Alone among the three main parties, the Lib Dems have avoided promising to ring-fence spending in any area. It's one stance, along with the party's pledge to raise the income-tax threshold to £10,000, that deserves serious attention.

Could it turn out to be a canny move? The line that all government departments should share the pain equally could prove to be effective. It certainly gives the Lib Dems a chance to split the Tories.

There is growing anger on the Conservative right over David Cameron's pledge to protect the health and overseas aid budgets, while cutting spending elsewhere by up to 20 per cent. The implications for defence, in particular, trouble the Tory grass roots.

This week's Spectator leader (not available online) gives us a flavour of the anger:

As Mr Cameron says, we're all in this together. So why should the police and military suffer, while the NHS bureaucracy keeps every penny of the money it has been force-fed?

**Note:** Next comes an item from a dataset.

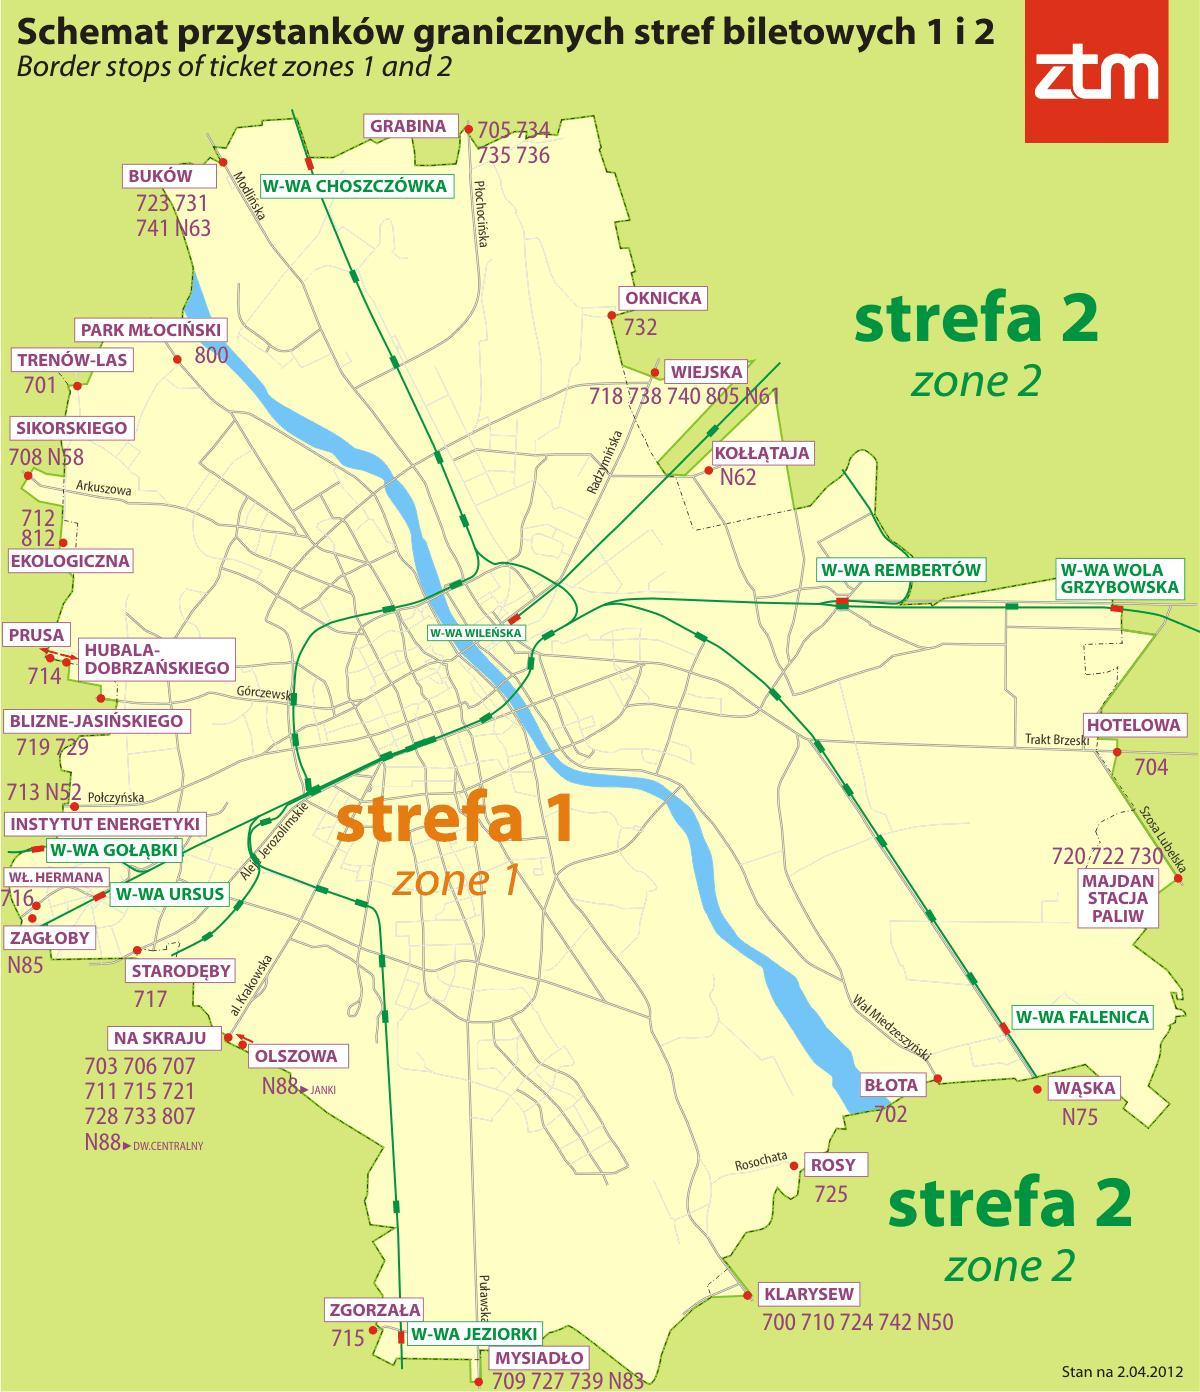 Mappa di Varsavia zona 1 2

The Tory leader's promise to protect spending on the NHS and international development is an essential part of his "detoxification" strategy, but it will cause him immense problems if the Tories win power. With an eye to these tensions, Labour is set to promise to ring-fence the defence budget for 2010-2011, with a £1.5bn spending boost for the Afghan war.

Cameron's response will be worth studying.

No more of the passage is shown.